> [Task to complete]
Produce the lines from the one containing "jet-black-bubble-padded-envelopes-matt-rectangle-flap-closed" through the end of the material exactly as they appear, both ends included, and leave the pictures out.

> [Stored data]
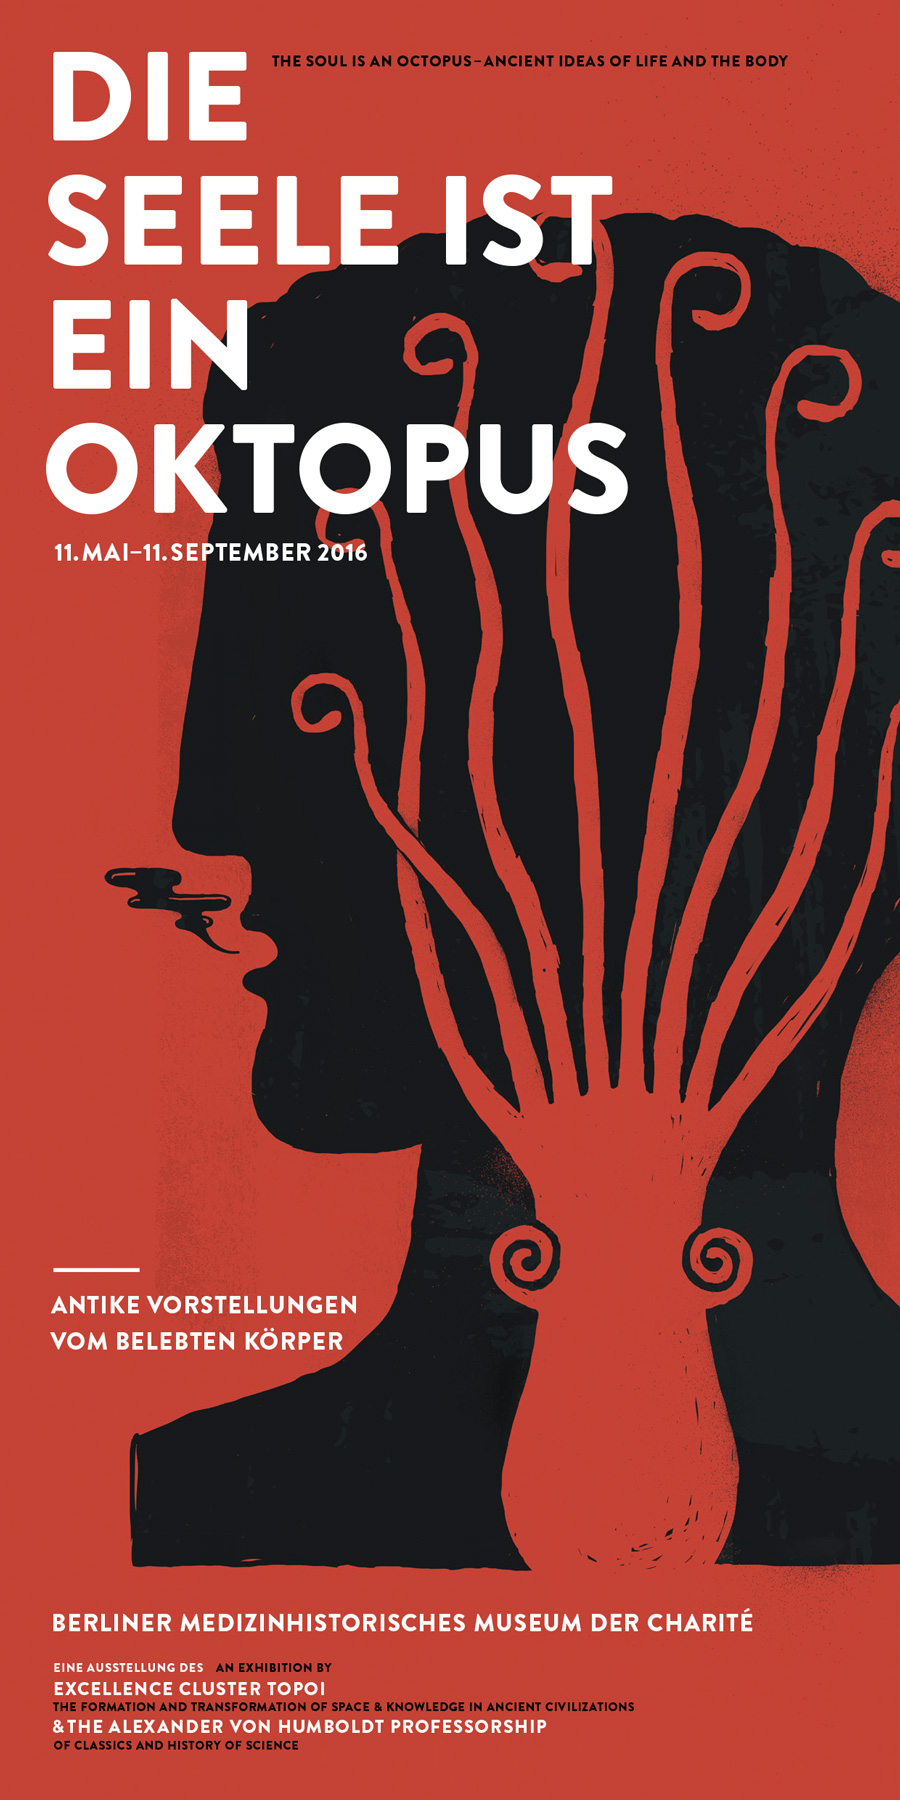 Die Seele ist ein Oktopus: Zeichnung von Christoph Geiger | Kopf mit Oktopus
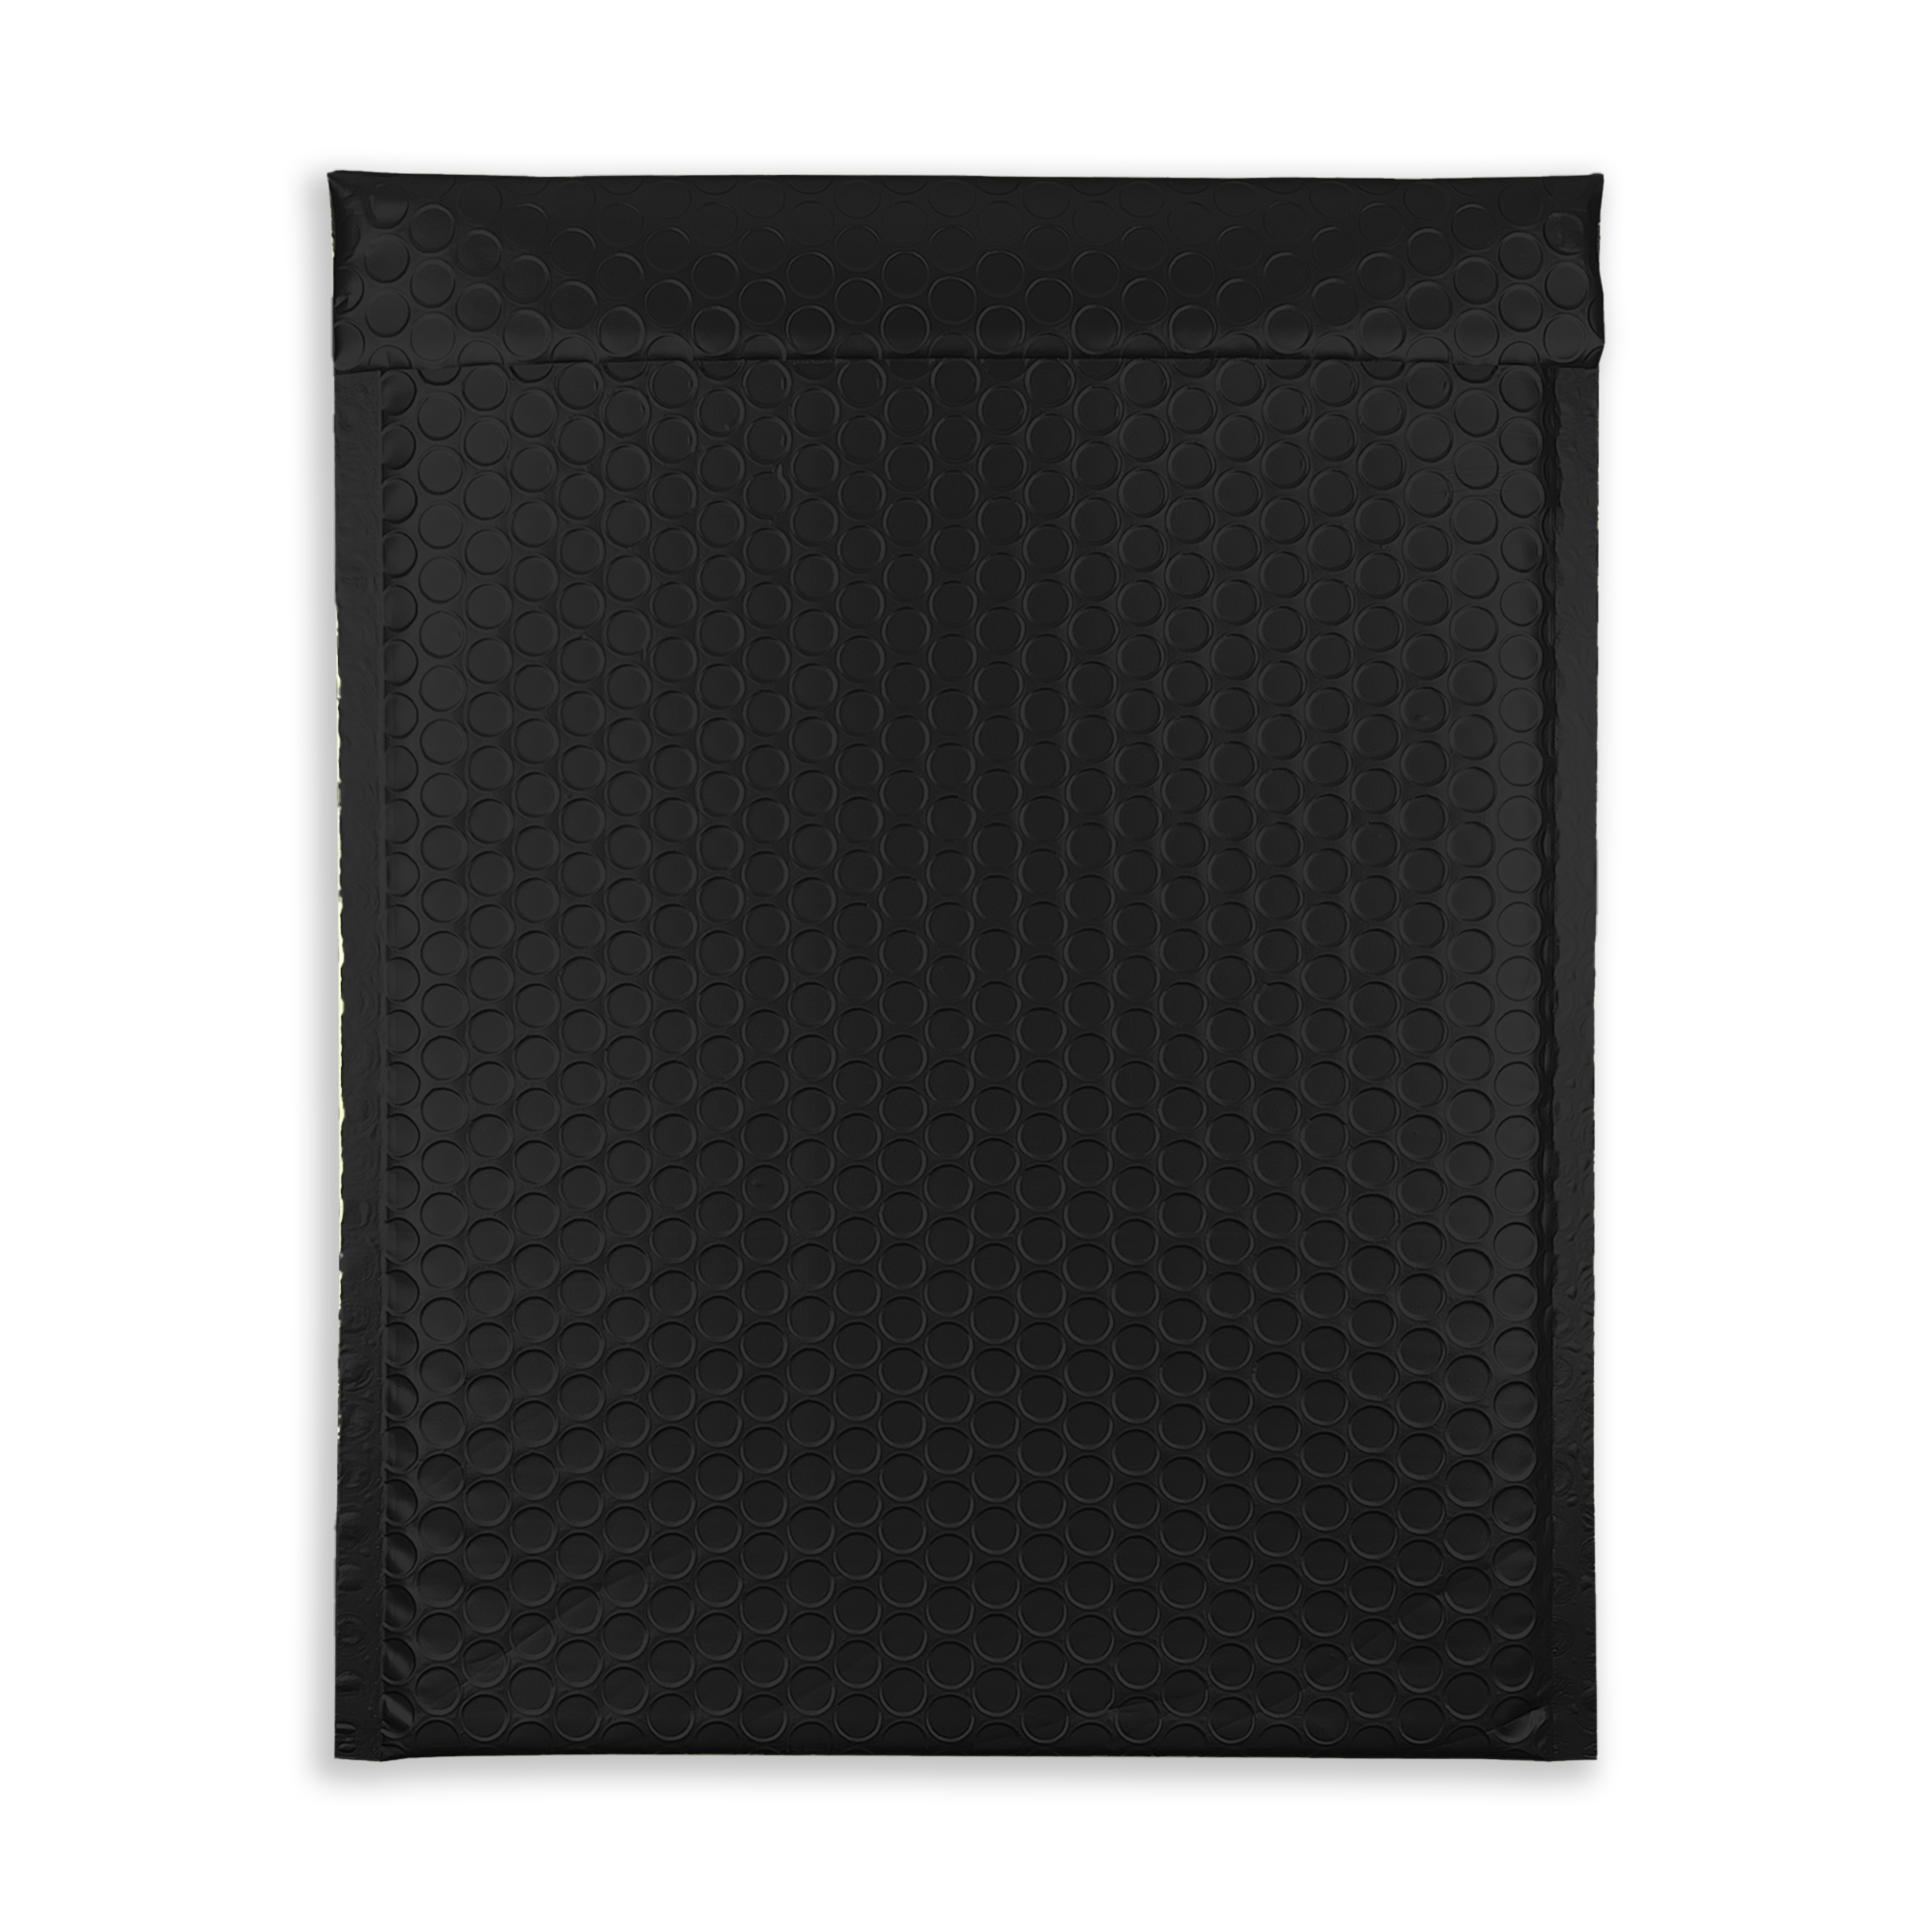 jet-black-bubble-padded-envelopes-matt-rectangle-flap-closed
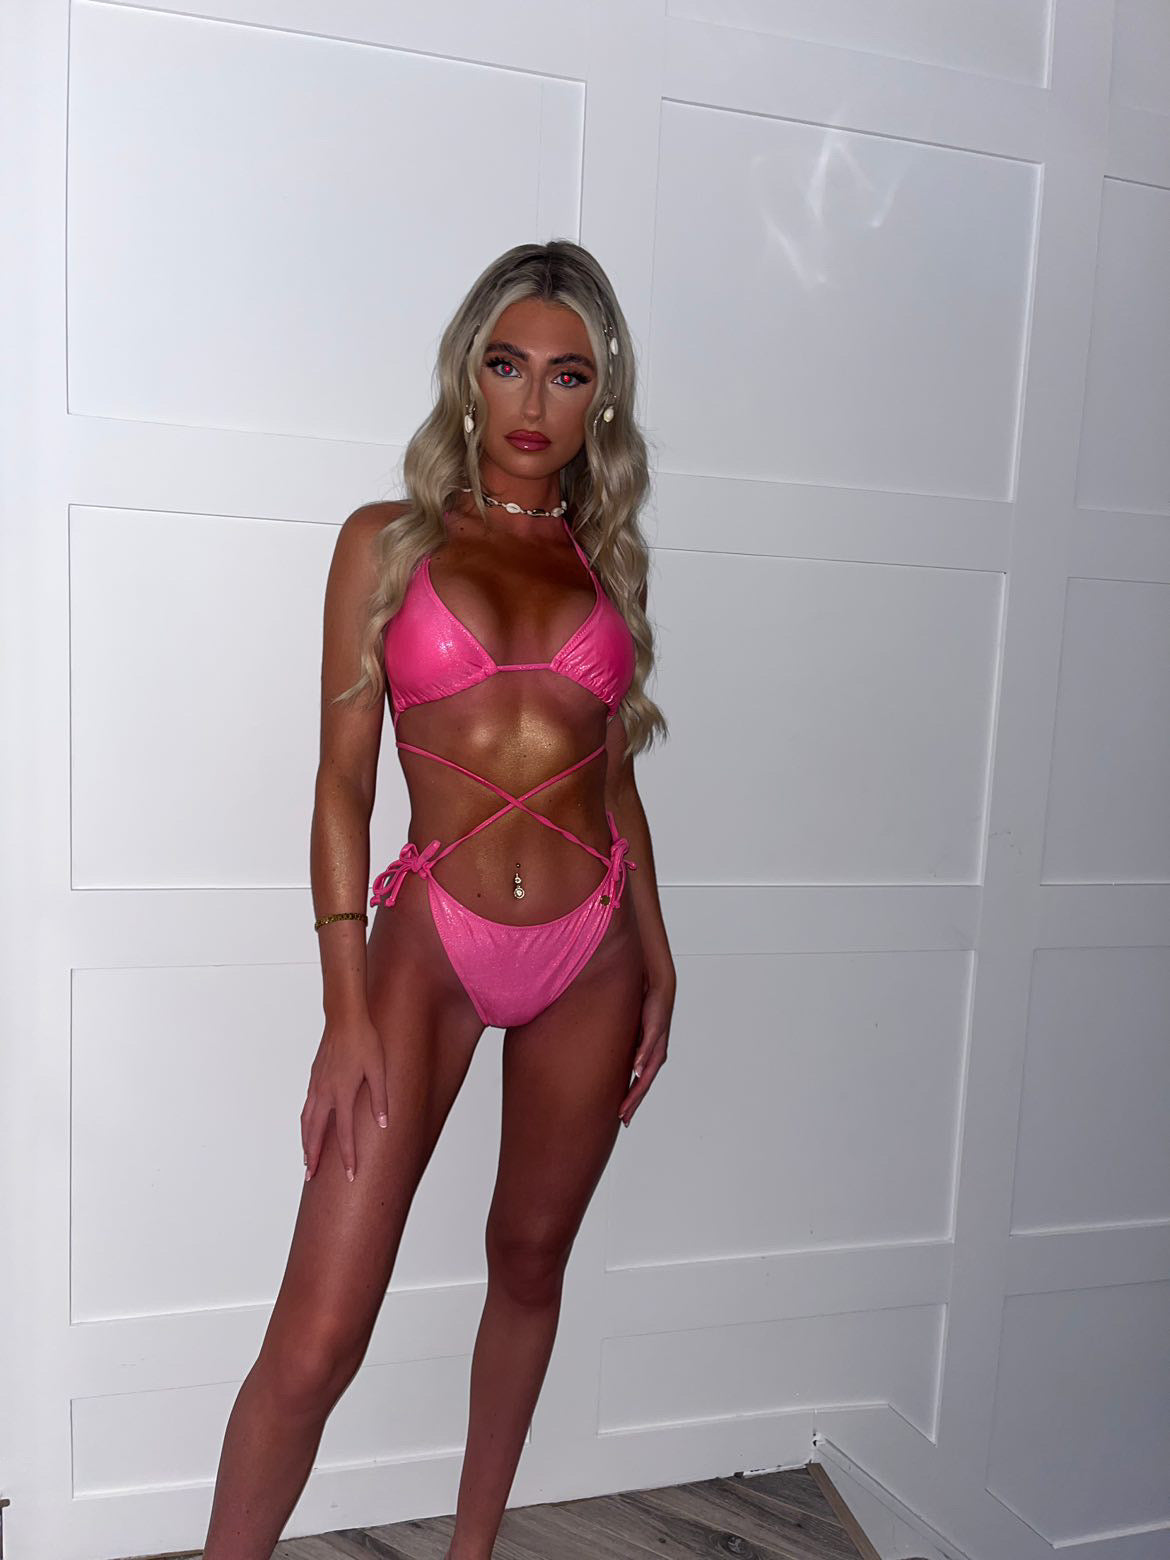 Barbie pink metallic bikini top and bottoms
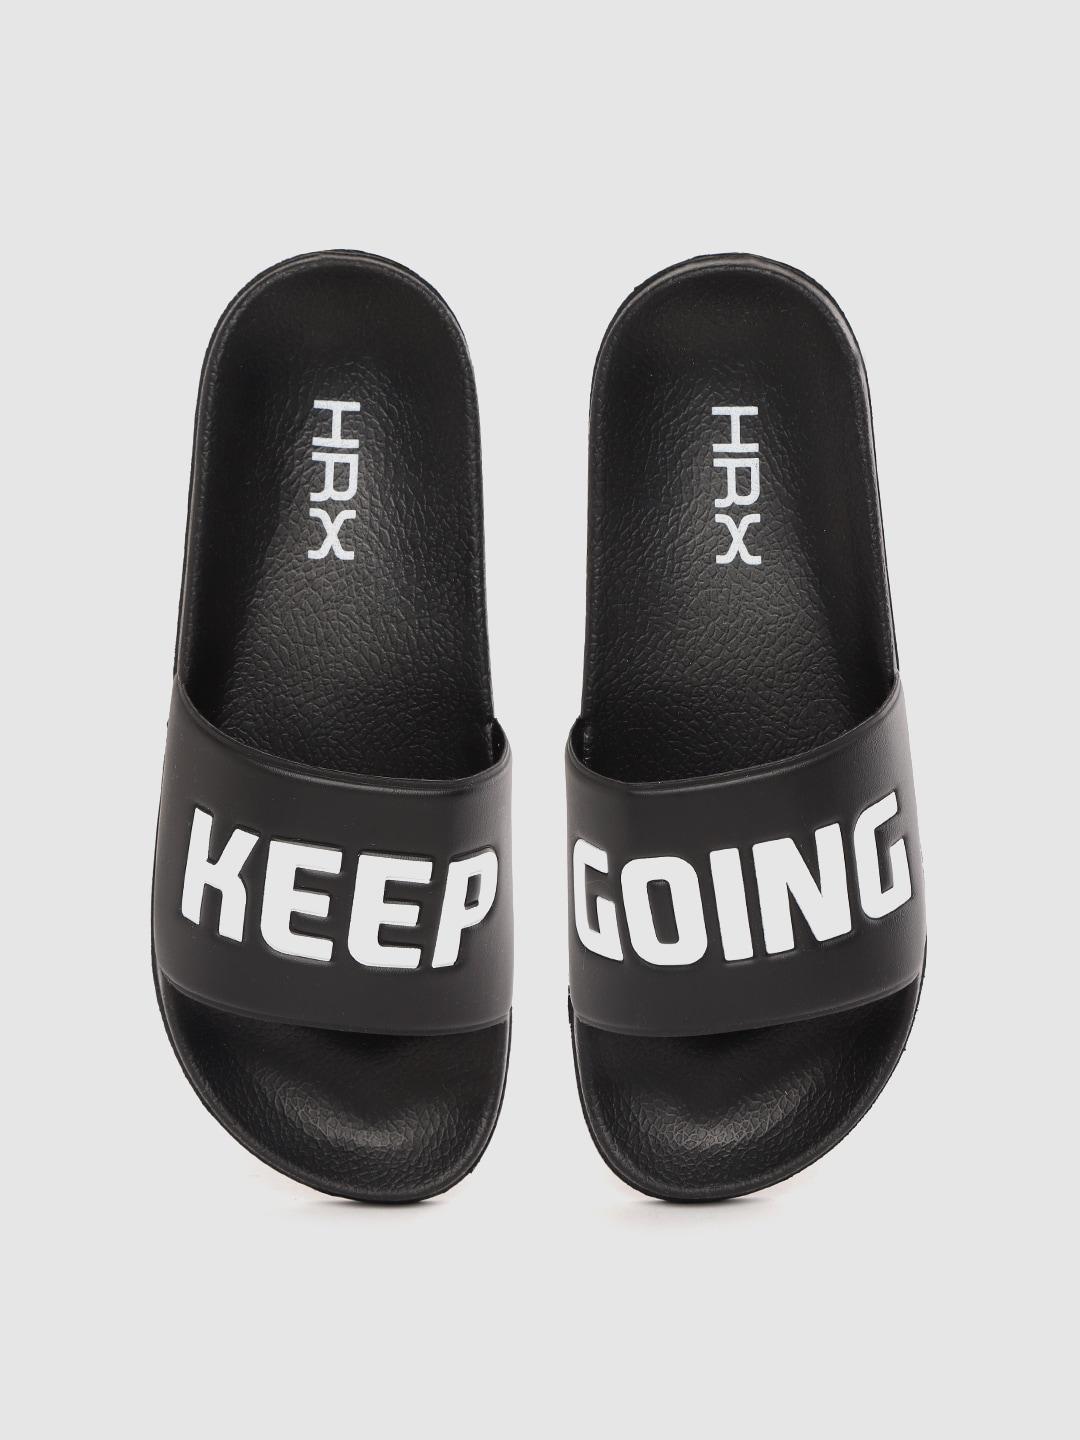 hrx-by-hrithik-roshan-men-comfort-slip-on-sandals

> [Task solution]
 jet-black-bubble-padded-envelopes-matt-rectangle-flap-closed
 Barbie pink metallic bikini top and bottoms
 hrx-by-hrithik-roshan-men-comfort-slip-on-sandals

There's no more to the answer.